Moore-Penrose pseudoinverse of matrix
B = pinv(A)
B = pinv(A,tol)
The Moore-Penrose pseudoinverse is a matrix B of
the same dimensions as A' satisfying four conditions:
A*B*A = A B*A*B = B A*B is Hermitian B*A is Hermitian
The computation is based on svd(A) and any
singular values less than tol are treated as zero.
B = pinv(A) returns the
Moore-Penrose pseudoinverse of A.
B = pinv(A,tol) returns
the Moore-Penrose pseudoinverse and overrides the default tolerance, max(size(A))*eps(norm(A)).
If A is square and not singular, then pinv(A) is
an expensive way to compute inv(A). If A is
not square, or is square and singular, then inv(A) does
not exist. In these cases, pinv(A) has some of,
but not all, the properties of inv(A).
If A has more rows than columns and is not
of full rank, then the overdetermined least squares
problem
minimize norm(A*x-b)
does not have a unique solution. Two of the infinitely many solutions are
x = pinv(A)*b
and
y = A\b
These two are distinguished by the facts that norm(x) is
smaller than the norm of any other solution and that y has
the fewest possible nonzero components.
For example, the matrix generated by
A = magic(8); A = A(:,1:6)
is an 8-by-6 matrix that happens to have rank(A) =
3.
A =
64 2 3 61 60 6
9 55 54 12 13 51
17 47 46 20 21 43
40 26 27 37 36 30
32 34 35 29 28 38
41 23 22 44 45 19
49 15 14 52 53 11
8 58 59 5 4 62 The right-hand side is b = 260*ones(8,1),
b =
260
260
260
260
260
260
260
260The scale factor 260 is the 8-by-8 magic sum. With all eight
columns, one solution to A*x = b would be a vector
of all 1's. With only six columns, the equations
are still consistent, so a solution exists, but it is not all 1's.

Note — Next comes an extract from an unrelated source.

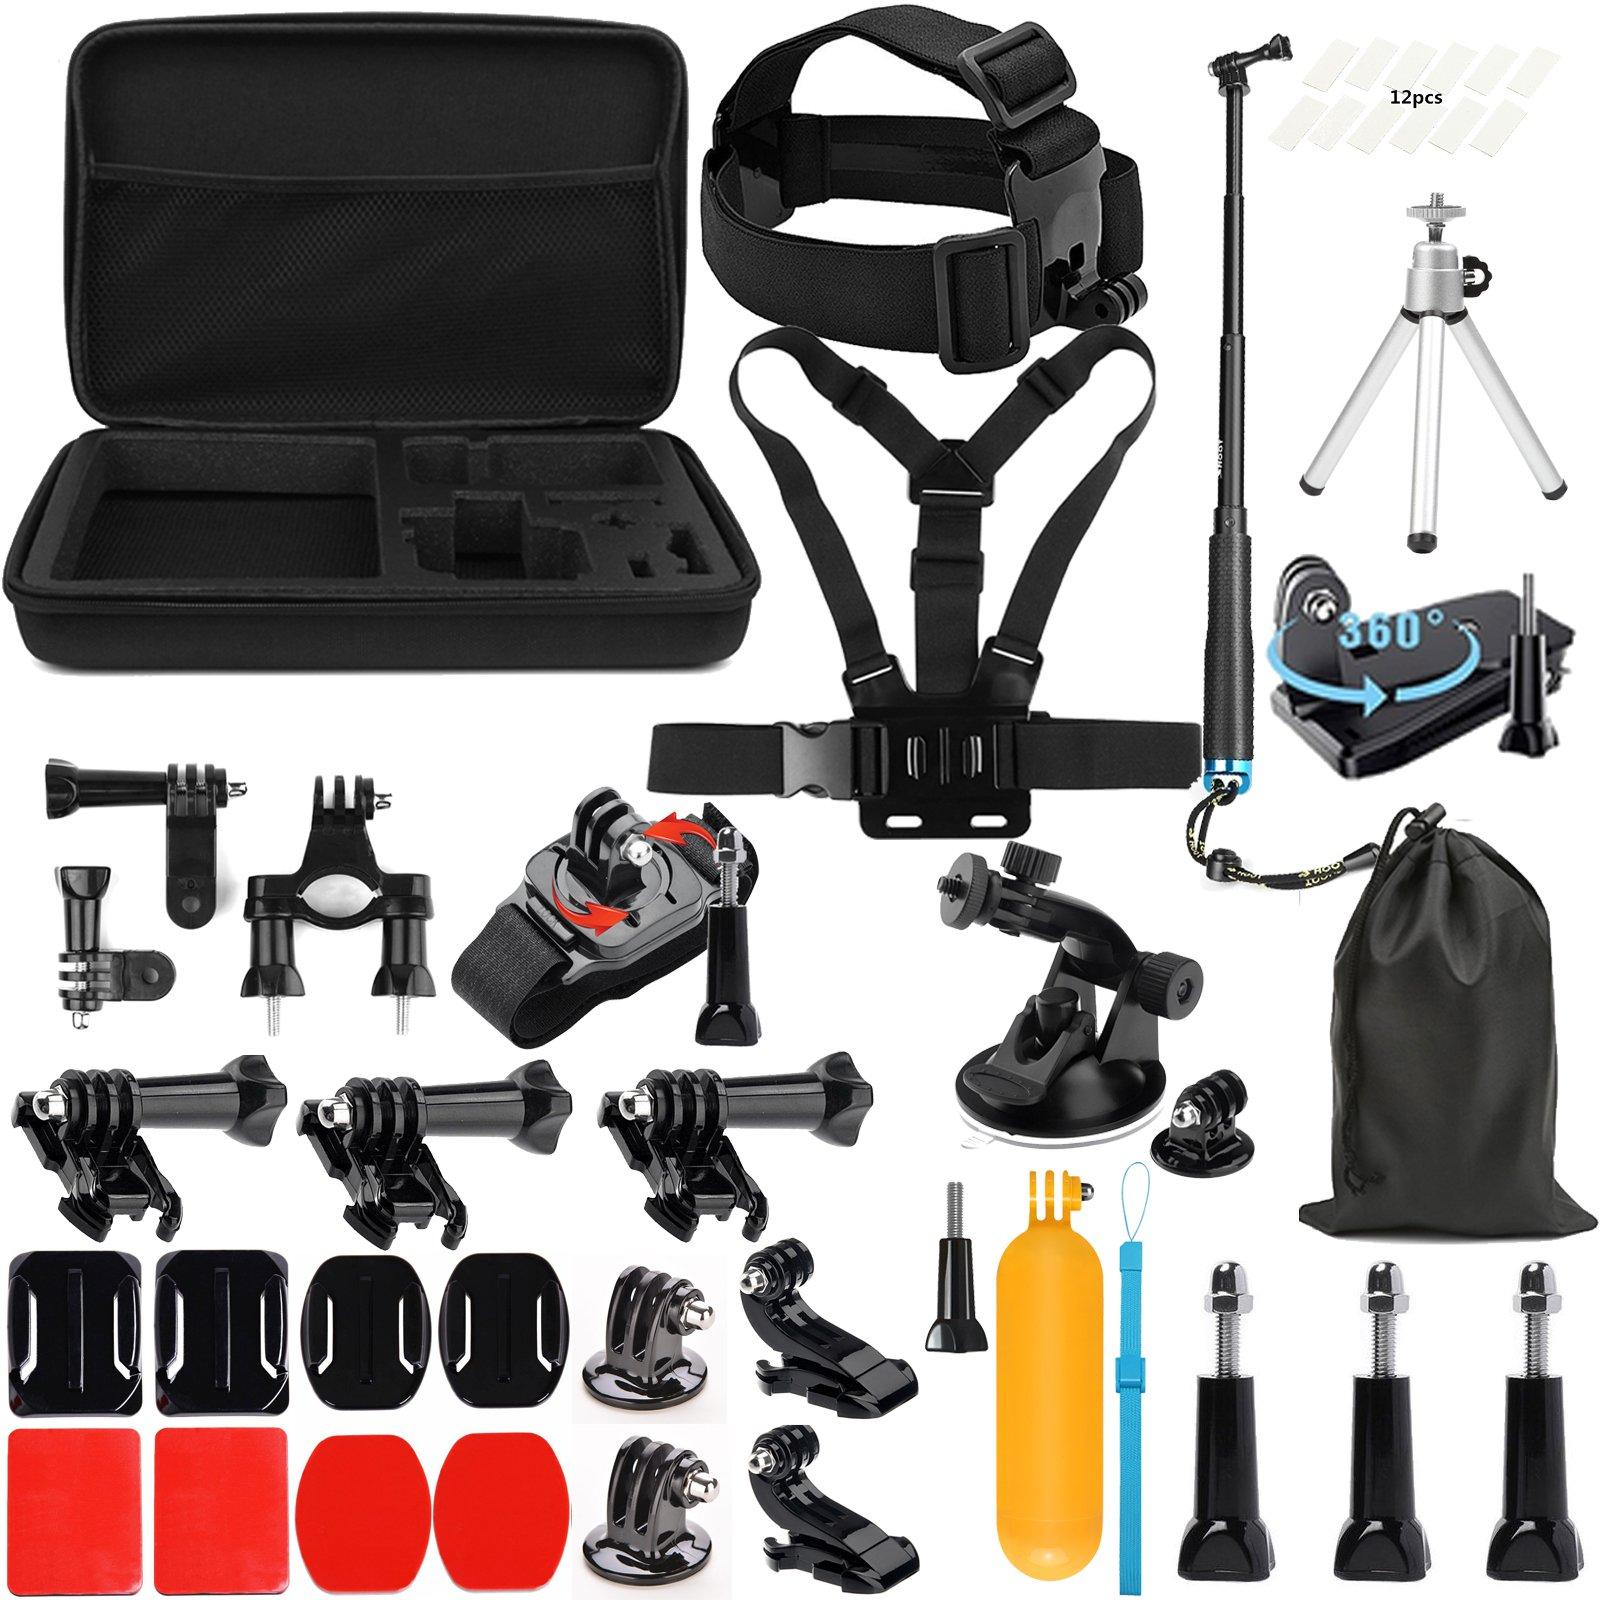 Lighten Outdoor Sports Accessories Kit for GoPro Hero 7 Black Silver White/6/Hero 5 4 3+ 3 2 1/Hero(2018)/Fusion AKASO EK7000 APEMAN Campark FITFORT 4K WiFi Action Camera by Lighten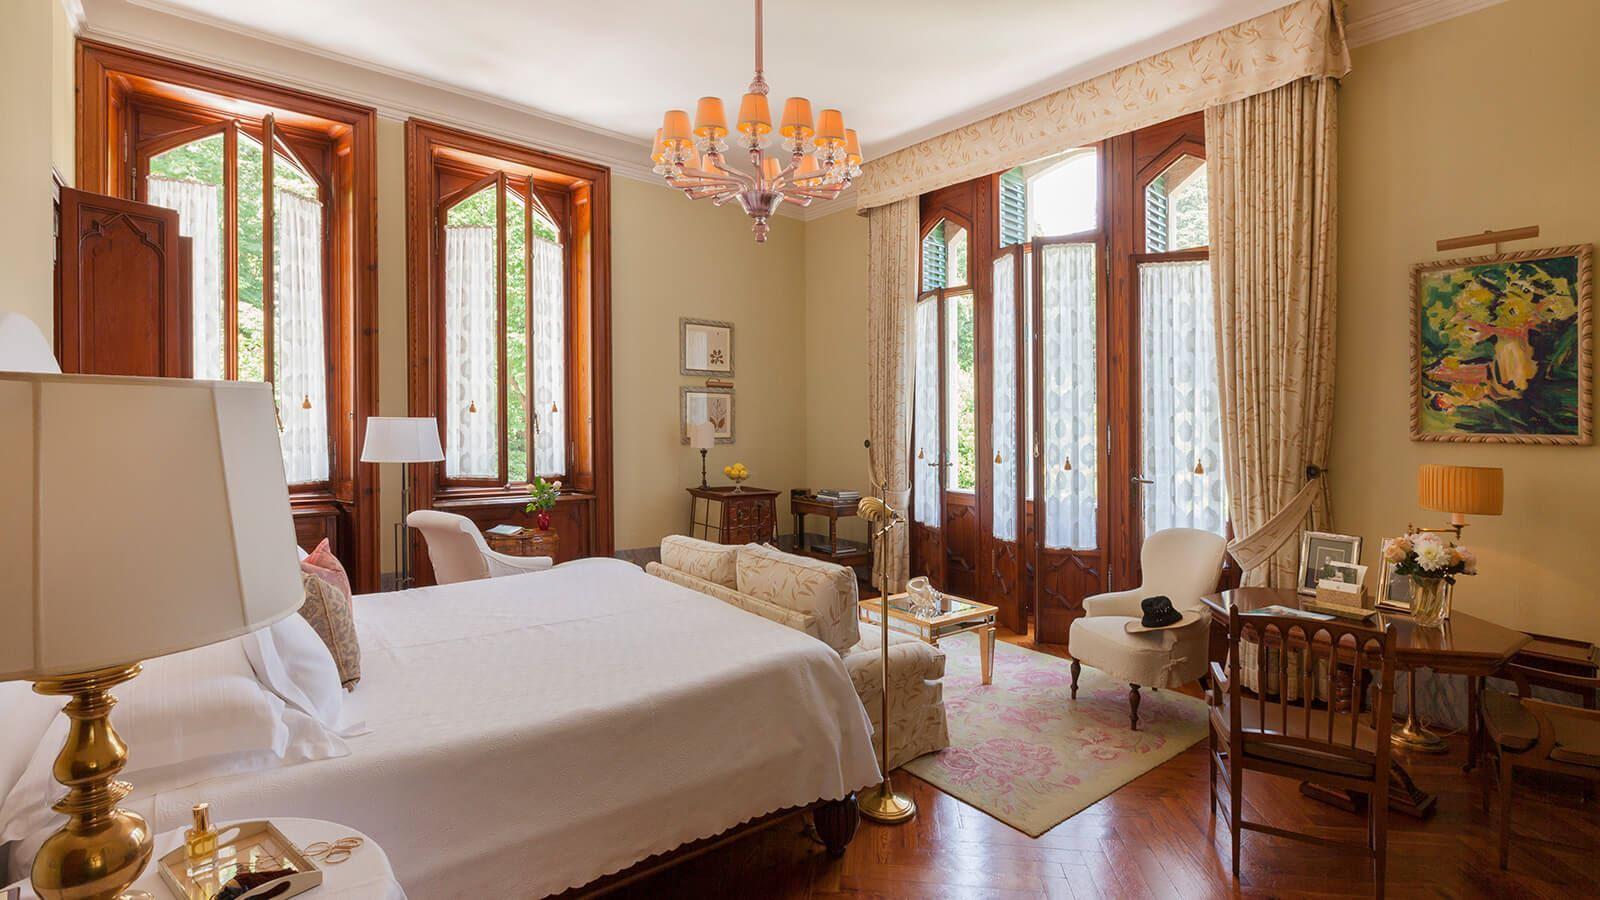 Weekday Wanderlust | Places: Grand Hotel Villa Feltrinelli, Part 2

Since the matrix is rank deficient, there are infinitely many solutions.
Two of them are
x = pinv(A)*b
which is
x =
1.1538
1.4615
1.3846
1.3846
1.4615
1.1538and
y = A\b
which produces this result.
Warning: Rank deficient, rank = 3 tol = 1.8829e-013.
y =
4.0000
5.0000
0
0
0
-1.0000Both of these are exact solutions in the sense that norm(A*x-b) and norm(A*y-b) are
on the order of roundoff error. The solution x is
special because
norm(x) = 3.2817
is smaller than the norm of any other solution, including
norm(y) = 6.4807
On the other hand, the solution y is special
because it has only three nonzero components.